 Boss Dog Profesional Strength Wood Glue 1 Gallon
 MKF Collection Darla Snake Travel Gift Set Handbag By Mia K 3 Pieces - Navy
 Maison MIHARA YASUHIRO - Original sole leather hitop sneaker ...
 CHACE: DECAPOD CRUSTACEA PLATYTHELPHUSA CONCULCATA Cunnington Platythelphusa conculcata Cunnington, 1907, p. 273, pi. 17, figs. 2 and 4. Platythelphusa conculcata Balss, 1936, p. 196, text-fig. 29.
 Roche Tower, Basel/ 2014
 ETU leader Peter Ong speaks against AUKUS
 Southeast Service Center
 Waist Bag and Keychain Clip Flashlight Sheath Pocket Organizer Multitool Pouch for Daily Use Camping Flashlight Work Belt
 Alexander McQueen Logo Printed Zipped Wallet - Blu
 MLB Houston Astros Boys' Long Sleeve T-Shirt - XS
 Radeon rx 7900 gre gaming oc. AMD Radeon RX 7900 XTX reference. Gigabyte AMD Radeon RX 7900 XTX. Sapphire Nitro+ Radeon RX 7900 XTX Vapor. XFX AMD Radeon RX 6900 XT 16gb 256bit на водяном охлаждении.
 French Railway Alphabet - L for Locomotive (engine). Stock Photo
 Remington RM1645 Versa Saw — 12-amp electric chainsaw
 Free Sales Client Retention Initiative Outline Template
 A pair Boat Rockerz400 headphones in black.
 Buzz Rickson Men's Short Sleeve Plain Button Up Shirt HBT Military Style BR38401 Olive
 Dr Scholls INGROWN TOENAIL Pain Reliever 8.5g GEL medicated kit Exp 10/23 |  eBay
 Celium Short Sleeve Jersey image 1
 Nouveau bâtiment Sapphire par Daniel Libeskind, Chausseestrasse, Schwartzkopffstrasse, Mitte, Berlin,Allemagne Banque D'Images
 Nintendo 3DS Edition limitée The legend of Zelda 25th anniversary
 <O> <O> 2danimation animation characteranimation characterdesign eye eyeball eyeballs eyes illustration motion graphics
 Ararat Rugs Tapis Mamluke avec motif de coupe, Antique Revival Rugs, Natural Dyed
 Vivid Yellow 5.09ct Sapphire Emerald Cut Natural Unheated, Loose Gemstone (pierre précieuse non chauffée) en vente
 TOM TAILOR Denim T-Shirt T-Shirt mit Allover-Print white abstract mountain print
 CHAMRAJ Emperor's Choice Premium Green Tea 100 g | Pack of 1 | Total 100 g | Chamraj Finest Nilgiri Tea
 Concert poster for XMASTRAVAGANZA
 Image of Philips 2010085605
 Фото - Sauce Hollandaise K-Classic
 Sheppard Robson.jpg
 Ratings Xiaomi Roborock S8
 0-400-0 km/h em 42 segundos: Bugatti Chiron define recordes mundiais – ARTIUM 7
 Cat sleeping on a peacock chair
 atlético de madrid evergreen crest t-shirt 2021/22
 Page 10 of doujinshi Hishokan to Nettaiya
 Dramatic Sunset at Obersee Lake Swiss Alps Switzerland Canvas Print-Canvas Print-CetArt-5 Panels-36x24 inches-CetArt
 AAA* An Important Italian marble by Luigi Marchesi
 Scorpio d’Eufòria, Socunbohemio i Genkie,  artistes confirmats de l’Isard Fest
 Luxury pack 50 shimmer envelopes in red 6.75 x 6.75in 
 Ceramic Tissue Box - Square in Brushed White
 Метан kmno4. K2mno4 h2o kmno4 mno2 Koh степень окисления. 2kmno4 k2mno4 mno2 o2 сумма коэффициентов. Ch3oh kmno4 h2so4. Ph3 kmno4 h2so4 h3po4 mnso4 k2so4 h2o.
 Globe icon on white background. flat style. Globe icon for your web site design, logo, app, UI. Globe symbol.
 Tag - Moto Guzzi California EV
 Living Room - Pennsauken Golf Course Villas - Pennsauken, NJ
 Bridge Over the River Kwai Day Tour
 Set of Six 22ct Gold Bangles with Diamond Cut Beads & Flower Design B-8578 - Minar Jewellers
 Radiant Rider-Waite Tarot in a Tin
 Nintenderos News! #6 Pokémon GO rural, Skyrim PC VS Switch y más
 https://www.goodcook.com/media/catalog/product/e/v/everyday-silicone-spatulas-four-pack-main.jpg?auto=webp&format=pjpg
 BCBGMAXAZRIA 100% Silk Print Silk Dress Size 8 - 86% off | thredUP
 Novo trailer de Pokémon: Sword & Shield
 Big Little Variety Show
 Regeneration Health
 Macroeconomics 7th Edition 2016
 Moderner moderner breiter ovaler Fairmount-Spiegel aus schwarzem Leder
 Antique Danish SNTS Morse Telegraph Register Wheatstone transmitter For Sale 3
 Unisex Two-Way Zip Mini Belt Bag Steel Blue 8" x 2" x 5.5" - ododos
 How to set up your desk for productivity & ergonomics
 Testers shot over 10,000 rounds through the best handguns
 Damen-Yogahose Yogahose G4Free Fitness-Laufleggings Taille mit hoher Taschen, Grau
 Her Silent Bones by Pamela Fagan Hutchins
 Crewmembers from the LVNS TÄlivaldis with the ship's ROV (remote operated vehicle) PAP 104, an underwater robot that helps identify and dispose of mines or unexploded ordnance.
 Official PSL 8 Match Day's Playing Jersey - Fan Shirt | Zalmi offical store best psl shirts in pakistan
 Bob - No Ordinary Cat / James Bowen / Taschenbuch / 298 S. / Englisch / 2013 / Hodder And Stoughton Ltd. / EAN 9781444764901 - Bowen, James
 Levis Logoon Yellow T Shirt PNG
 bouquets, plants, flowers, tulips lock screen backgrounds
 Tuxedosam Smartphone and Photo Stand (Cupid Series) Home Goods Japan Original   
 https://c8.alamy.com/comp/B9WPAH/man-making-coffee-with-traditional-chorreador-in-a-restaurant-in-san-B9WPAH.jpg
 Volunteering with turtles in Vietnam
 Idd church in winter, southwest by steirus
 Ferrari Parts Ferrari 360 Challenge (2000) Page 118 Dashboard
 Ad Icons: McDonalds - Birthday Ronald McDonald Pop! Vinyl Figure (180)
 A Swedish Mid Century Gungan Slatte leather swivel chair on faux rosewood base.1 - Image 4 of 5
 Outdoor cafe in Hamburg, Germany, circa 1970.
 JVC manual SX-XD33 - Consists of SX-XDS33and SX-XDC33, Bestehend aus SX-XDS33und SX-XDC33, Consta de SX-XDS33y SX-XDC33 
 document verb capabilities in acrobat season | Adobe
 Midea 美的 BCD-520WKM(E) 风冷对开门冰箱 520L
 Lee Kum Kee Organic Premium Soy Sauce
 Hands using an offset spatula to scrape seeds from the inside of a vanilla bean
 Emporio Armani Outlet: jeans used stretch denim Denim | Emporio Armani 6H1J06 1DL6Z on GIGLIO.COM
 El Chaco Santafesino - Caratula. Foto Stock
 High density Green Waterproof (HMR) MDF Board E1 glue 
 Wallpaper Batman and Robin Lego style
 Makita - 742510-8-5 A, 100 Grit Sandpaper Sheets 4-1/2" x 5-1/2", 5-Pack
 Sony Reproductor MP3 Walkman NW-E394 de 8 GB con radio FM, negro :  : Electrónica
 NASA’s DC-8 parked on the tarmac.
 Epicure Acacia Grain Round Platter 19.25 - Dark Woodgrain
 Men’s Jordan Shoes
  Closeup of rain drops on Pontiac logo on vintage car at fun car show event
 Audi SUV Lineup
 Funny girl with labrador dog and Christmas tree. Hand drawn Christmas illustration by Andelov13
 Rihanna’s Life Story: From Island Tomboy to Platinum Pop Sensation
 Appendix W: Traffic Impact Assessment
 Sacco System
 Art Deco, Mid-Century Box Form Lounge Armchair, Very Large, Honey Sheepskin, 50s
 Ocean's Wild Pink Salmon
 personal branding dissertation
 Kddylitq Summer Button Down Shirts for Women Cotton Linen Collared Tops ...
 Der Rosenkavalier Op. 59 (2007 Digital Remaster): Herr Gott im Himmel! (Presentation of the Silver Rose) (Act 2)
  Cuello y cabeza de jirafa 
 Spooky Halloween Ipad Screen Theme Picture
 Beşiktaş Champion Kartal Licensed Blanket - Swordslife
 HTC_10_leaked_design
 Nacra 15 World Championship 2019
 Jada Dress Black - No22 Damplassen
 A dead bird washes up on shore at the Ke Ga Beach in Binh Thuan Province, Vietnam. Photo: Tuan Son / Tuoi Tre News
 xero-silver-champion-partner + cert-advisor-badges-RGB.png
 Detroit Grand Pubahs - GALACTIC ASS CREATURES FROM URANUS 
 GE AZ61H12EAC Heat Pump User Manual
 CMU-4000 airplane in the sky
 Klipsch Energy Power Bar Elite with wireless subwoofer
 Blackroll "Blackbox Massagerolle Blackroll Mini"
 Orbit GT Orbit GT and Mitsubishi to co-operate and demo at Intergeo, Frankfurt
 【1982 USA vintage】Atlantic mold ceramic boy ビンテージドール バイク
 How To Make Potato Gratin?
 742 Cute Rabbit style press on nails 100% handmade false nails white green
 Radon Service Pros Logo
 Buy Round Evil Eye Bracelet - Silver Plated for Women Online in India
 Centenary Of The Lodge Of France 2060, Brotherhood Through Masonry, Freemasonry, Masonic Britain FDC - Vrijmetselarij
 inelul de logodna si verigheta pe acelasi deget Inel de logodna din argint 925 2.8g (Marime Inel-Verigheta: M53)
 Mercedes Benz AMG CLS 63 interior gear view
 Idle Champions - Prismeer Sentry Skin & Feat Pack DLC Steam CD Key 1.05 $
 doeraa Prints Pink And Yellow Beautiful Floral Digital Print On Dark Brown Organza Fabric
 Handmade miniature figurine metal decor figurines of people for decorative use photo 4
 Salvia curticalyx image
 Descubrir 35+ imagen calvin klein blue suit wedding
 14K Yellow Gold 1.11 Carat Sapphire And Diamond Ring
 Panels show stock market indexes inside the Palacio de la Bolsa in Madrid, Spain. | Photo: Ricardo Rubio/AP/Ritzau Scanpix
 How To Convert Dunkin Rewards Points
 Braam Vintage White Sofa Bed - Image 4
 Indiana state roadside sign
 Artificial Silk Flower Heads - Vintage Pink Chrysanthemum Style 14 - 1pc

━━━━━━━━━━━━━━━━━━━━

YOUR GOAL:
Which lines should be output? Exactly those from the first line of the data through the line containing "Radeon rx 7900 gre", inclusive.

WRITTEN RESPONSE:
 Boss Dog Profesional Strength Wood Glue 1 Gallon
 MKF Collection Darla Snake Travel Gift Set Handbag By Mia K 3 Pieces - Navy
 Maison MIHARA YASUHIRO - Original sole leather hitop sneaker ...
 CHACE: DECAPOD CRUSTACEA PLATYTHELPHUSA CONCULCATA Cunnington Platythelphusa conculcata Cunnington, 1907, p. 273, pi. 17, figs. 2 and 4. Platythelphusa conculcata Balss, 1936, p. 196, text-fig. 29.
 Roche Tower, Basel/ 2014
 ETU leader Peter Ong speaks against AUKUS
 Southeast Service Center
 Waist Bag and Keychain Clip Flashlight Sheath Pocket Organizer Multitool Pouch for Daily Use Camping Flashlight Work Belt
 Alexander McQueen Logo Printed Zipped Wallet - Blu
 MLB Houston Astros Boys' Long Sleeve T-Shirt - XS
 Radeon rx 7900 gre gaming oc. AMD Radeon RX 7900 XTX reference. Gigabyte AMD Radeon RX 7900 XTX. Sapphire Nitro+ Radeon RX 7900 XTX Vapor. XFX AMD Radeon RX 6900 XT 16gb 256bit на водяном охлаждении.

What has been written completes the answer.